By Gina Lee
Investing.com – Oil was up on Monday morning in Asia, while shares plummeted in frantic trading. Investors reacted to the risk of a U.S. and European ban on Russian products and delays in Iranian talks, triggering a potential major stagflationary shock in global markets.
Brent oil futures soared 10.43% to $130.43 by 12:14 AM ET (5:14 AM GMT) after climbing as high as 18% in early, volatile trading. They were further boosted by the potential ban of Russian oil by the U.S. and Europe. WTI futures jumped 9.28% to $126.39.
The euro continued its fall, hitting parity against the Swiss franc, while commodities gained as the Russian invasion of Ukraine continues. Asia Pacific shares were also a sea of red on Monday.

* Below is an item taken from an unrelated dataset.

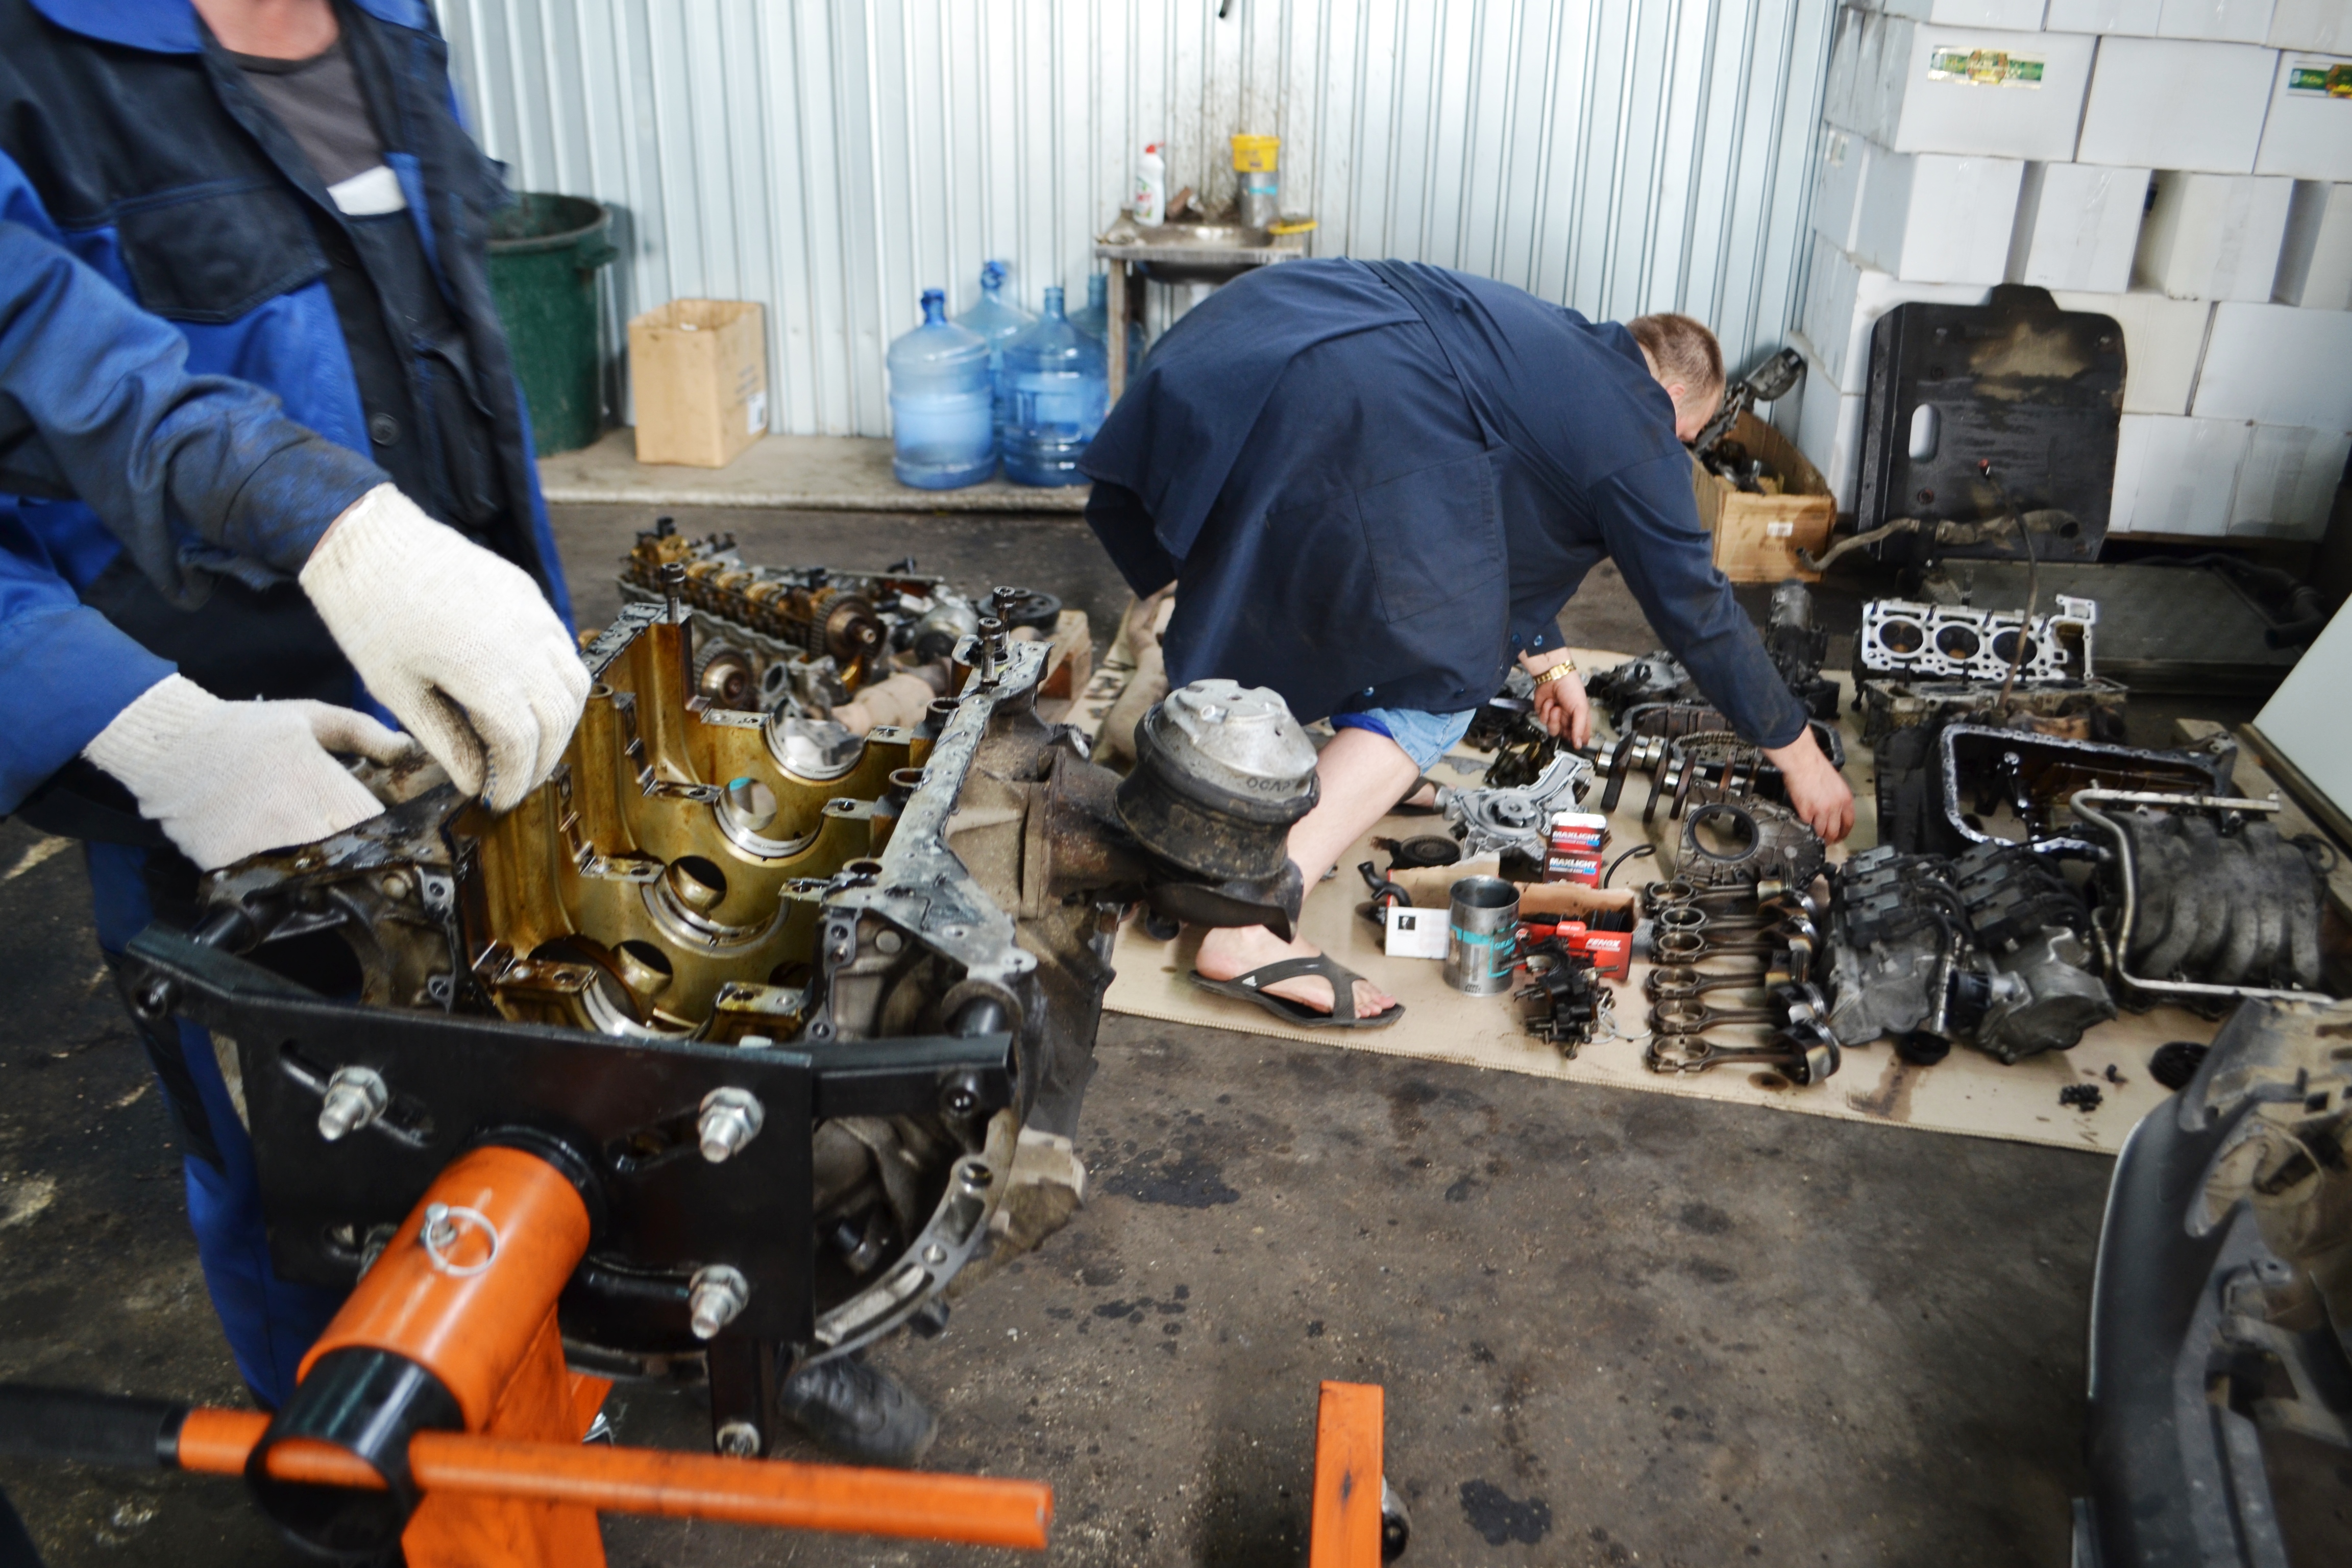 Правильный капитальный ремонт двигателя

"If the West cuts off most of Russia's energy exports it would be a major shock to global markets," BofA chief economist Ethan Harris told Reuters.

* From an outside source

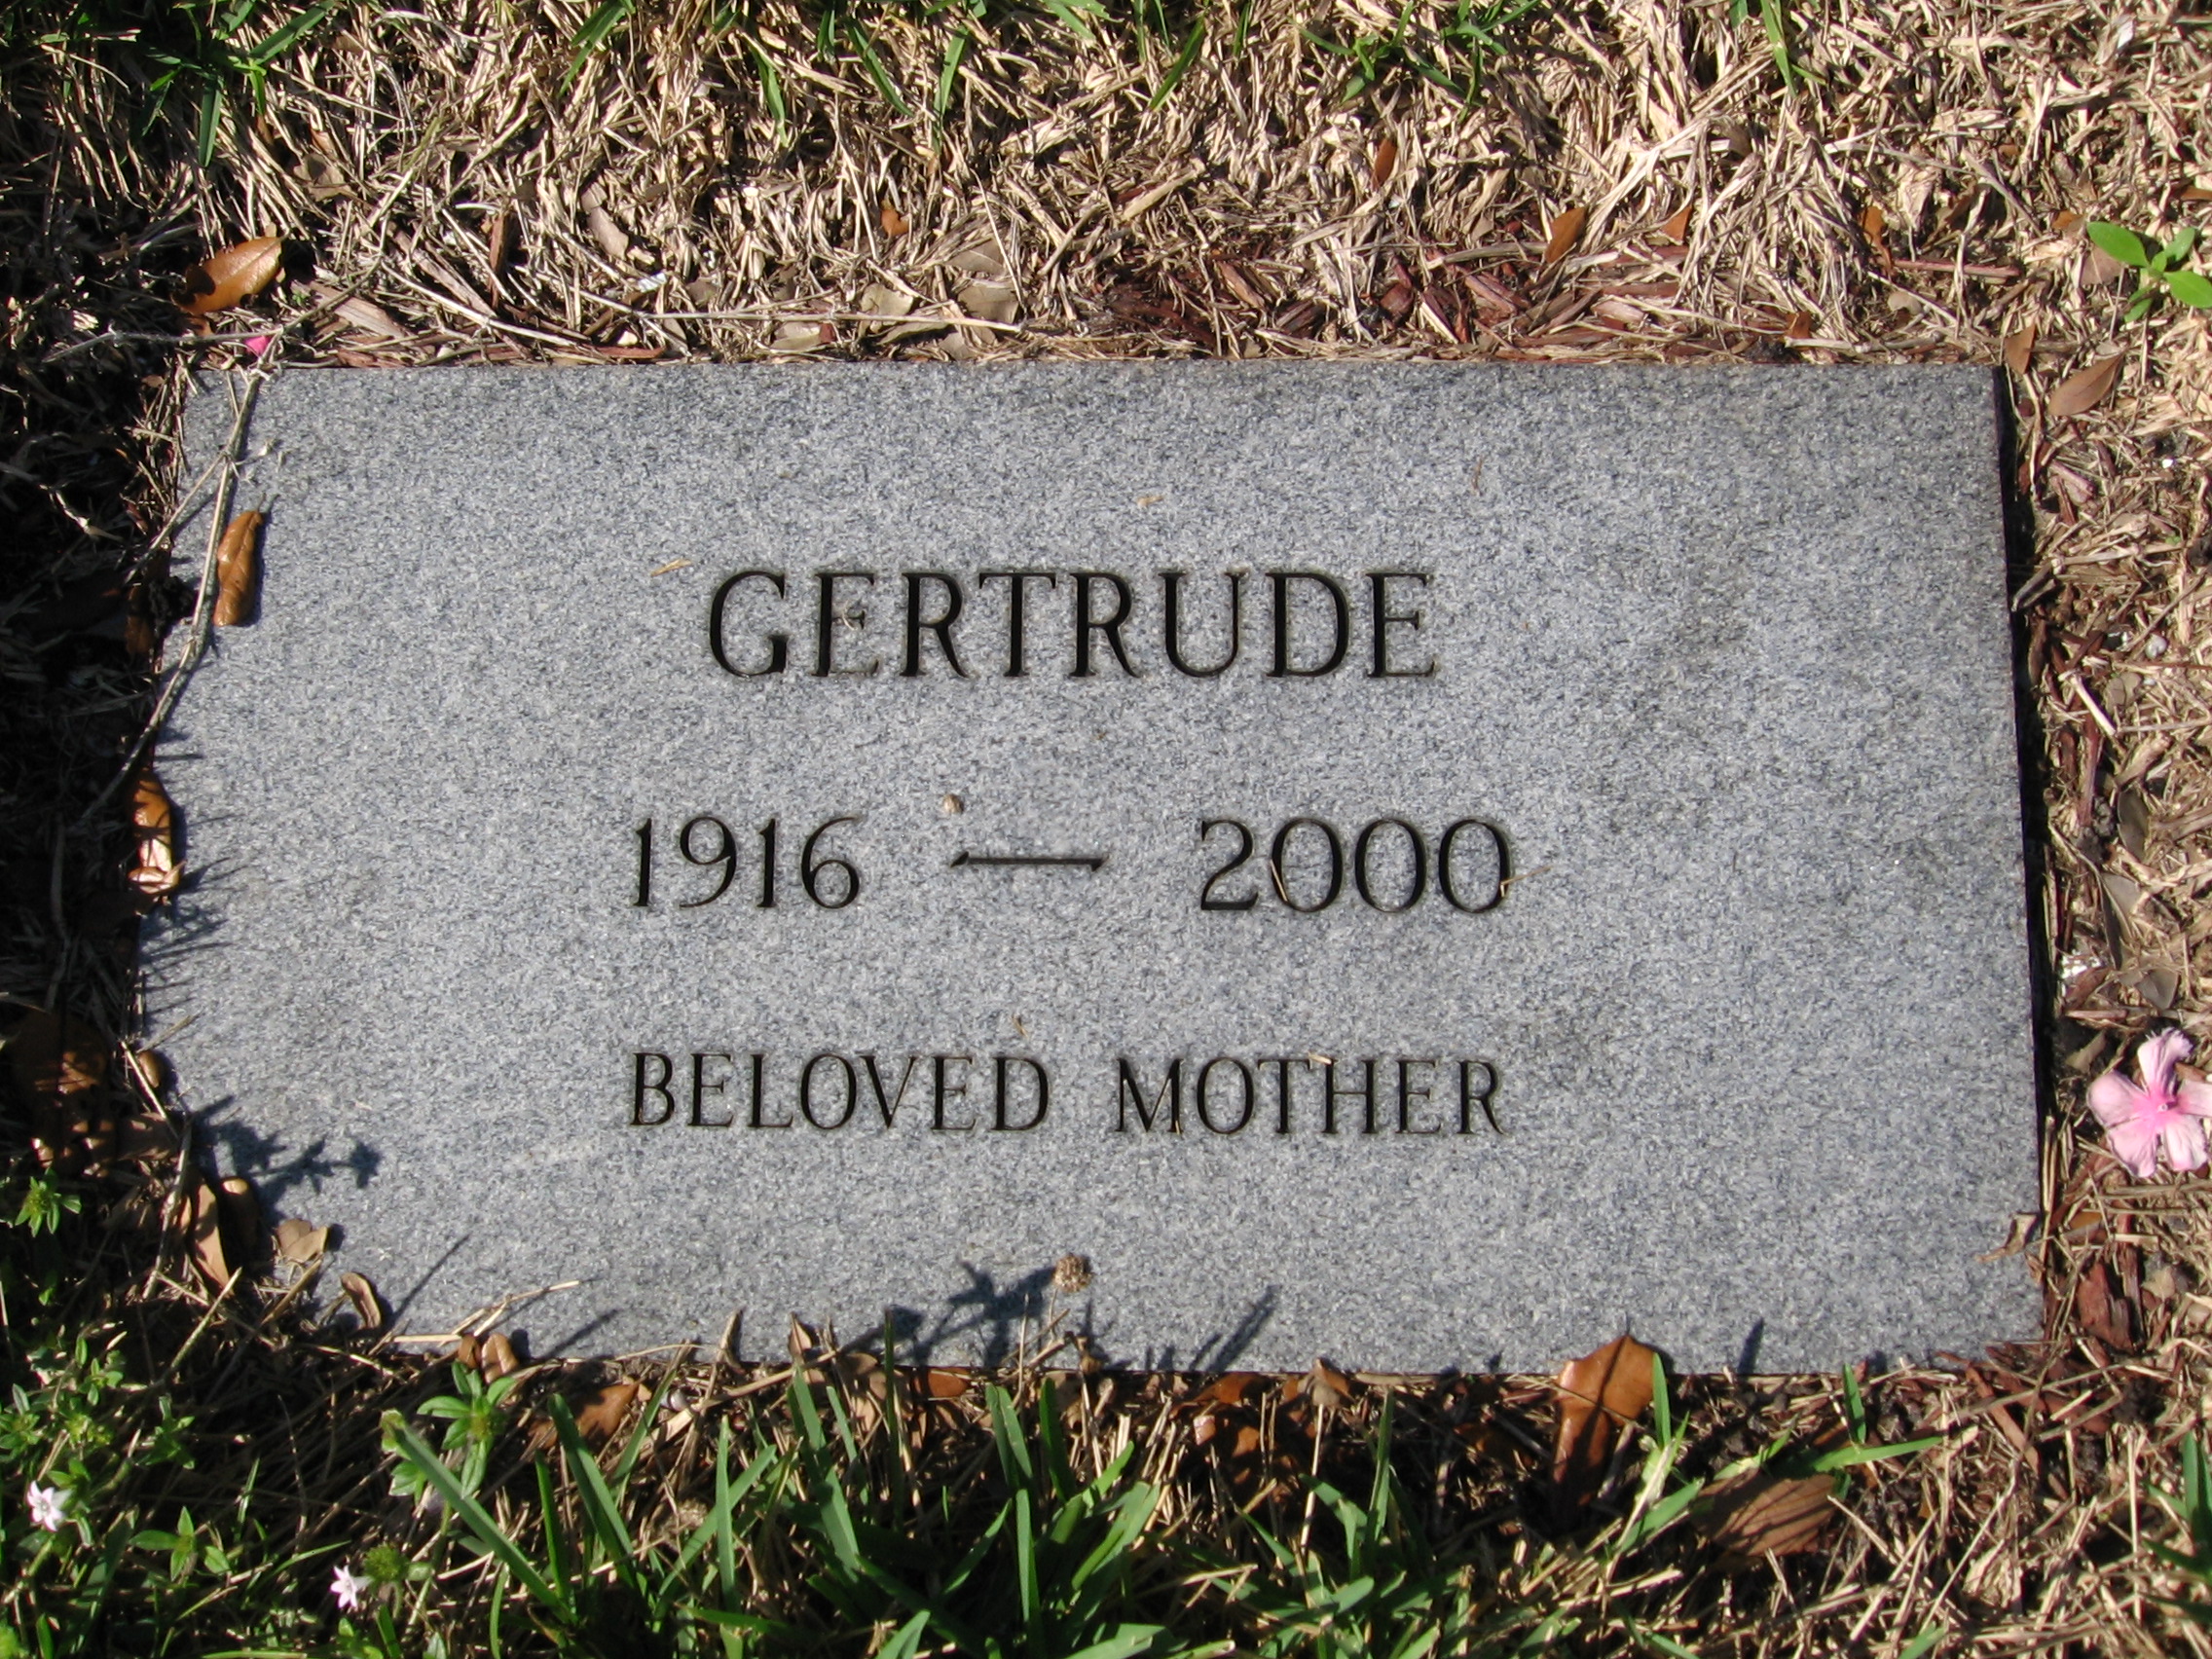 Gertrude Cinadler

The loss of Russia's 5 million barrels could see oil prices double to $200 a barrel and lower economic growth globally, he added.
Oil is not the only commodity to be on the rise, with commodity prices recording their strongest start to any year since 1915, according to BofA. This will only exacerbate global inflation, with investors awaiting the U.S. consumer price index later in the week.
This could also pose a headache for the European Central Bank (ECB) when it hands down its policy decision later in the week.
"Given the potential for stagflation is very real, the ECB is likely to maintain maximum flexibility with its asset purchase program at EUR20 billion through the second quarter and potentially beyond, thus effectively pushing out the timing of interest rate hikes," NAB economist Tapas Strickland told Reuters.
"Higher consumer price index forecasts, though, mean interest rate hikes will be needed on the horizon,” he warned.